All of humanity died that day with the blast. Those creatures that were wandering around looking for food, water, and shelter were following their primal urges the blast brought back to them. Yes—humanity had died with the city—killed off indiscriminately, without malice, and without being any sense of justice about it, that was the paradoxical nature of this new world that had been created.
Survival was due to random chance. The dead were stacked as cords of wood, or piled into putrid heaps of burning flesh. That smell filled the air—burning flesh accompanied by the rotten stench of garbage and sewage—one could basically taste it in their mouths. You’d want to gag, you’d want to vomit, but couldn’t. The sights were worse—the kind of sights that made you wish you were blind. People were crushed by falling beams or killed outright by the blast—one could see the shadow of where they last stood. Those unfortunate enough to live through Armageddon but still sentenced to damnation were pitiful. Limbs were lost and people were blind. The skin hung off of them and for some, it was replaced with glass and wood.

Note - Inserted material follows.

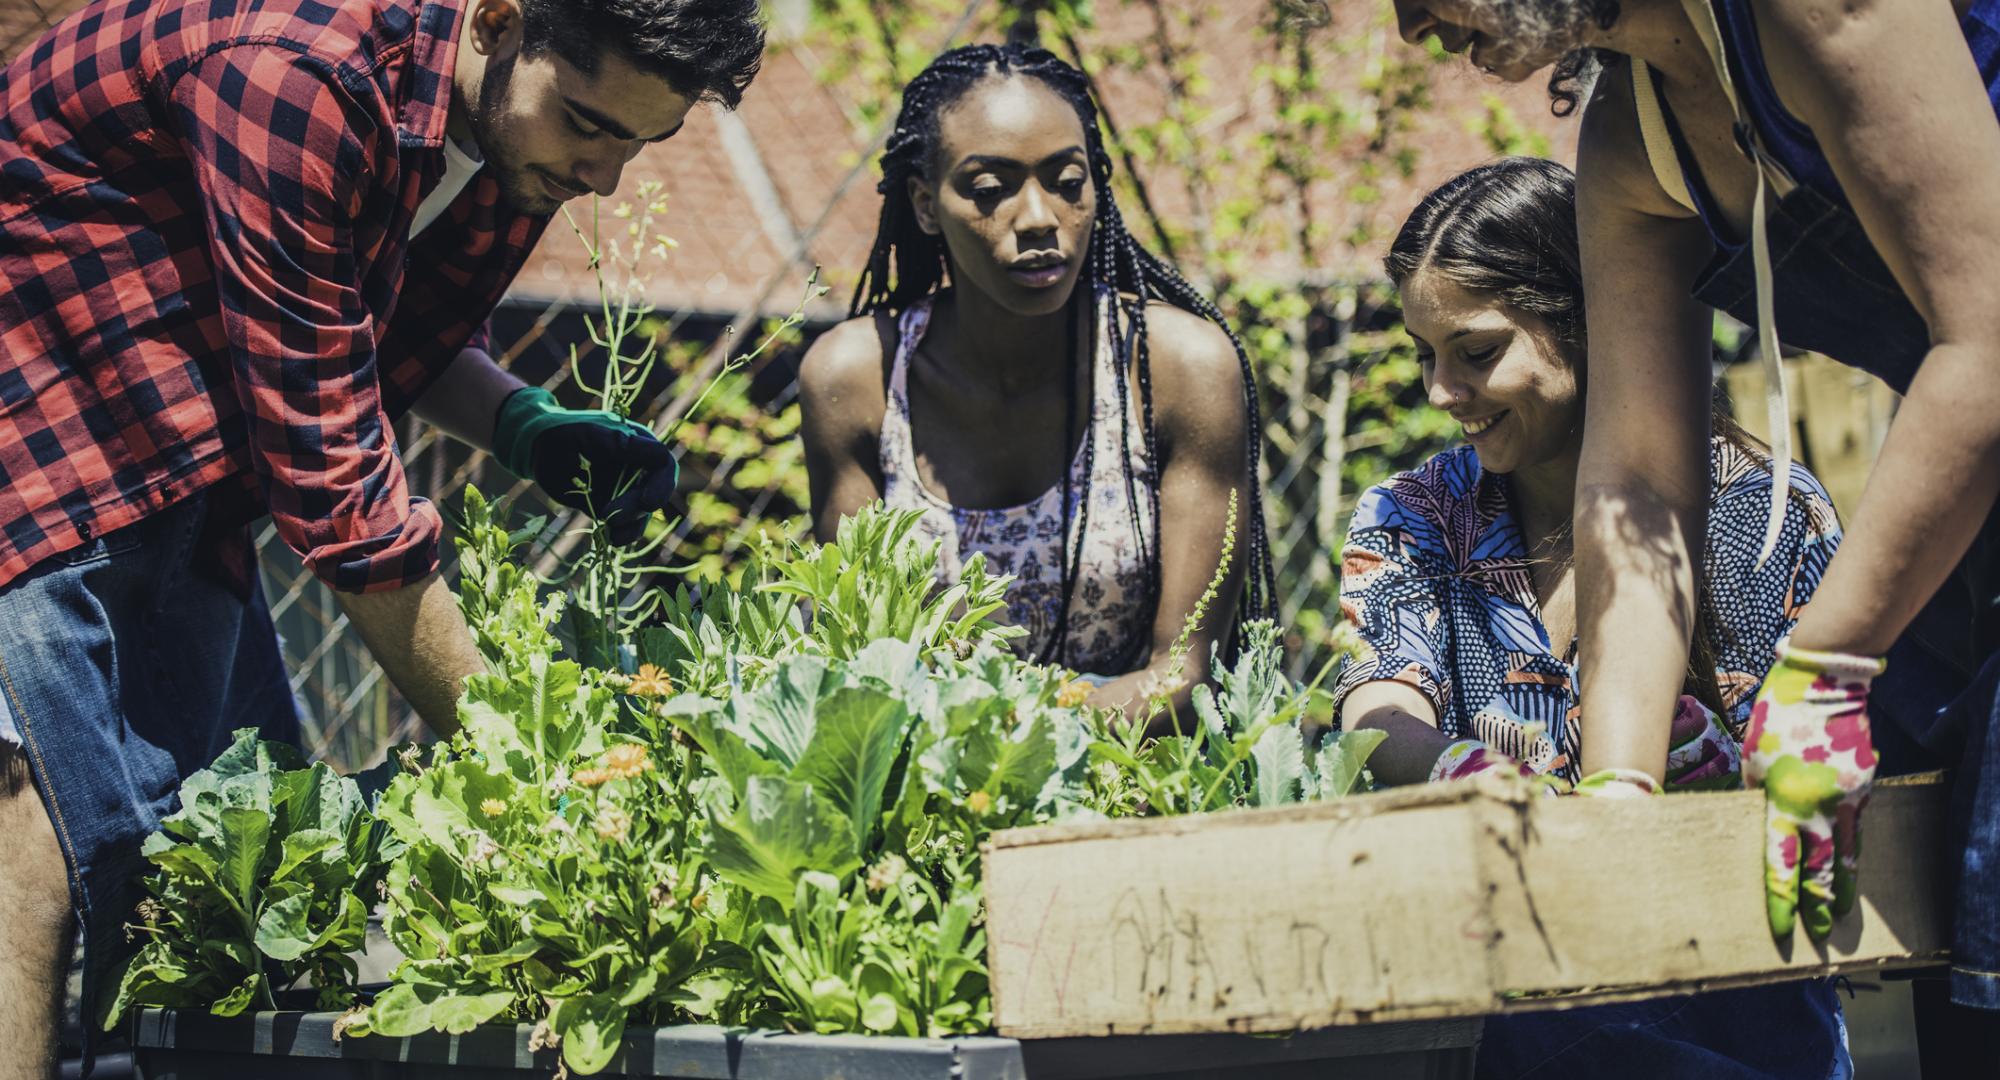 Group of young people engaging with their community by gardening.

Coming down the hill was hope. Hope was something no being could possibly have on that day, but there it was. One could see faint light—the sun—that caused a silhouette that could be seen even against the darkness the ash caused. There she was, unscathed save for torn clothing and the dirt that covered her body. She was holding something. She walked down the hill—or was it a pile—carefully, so as not to disturb what was in her arms—her child. As she moved toward the street, remaining careful, one could see the infant more closely.
Then one would realize, that in this new world, there was no place for hope: the baby she held so closely was dead.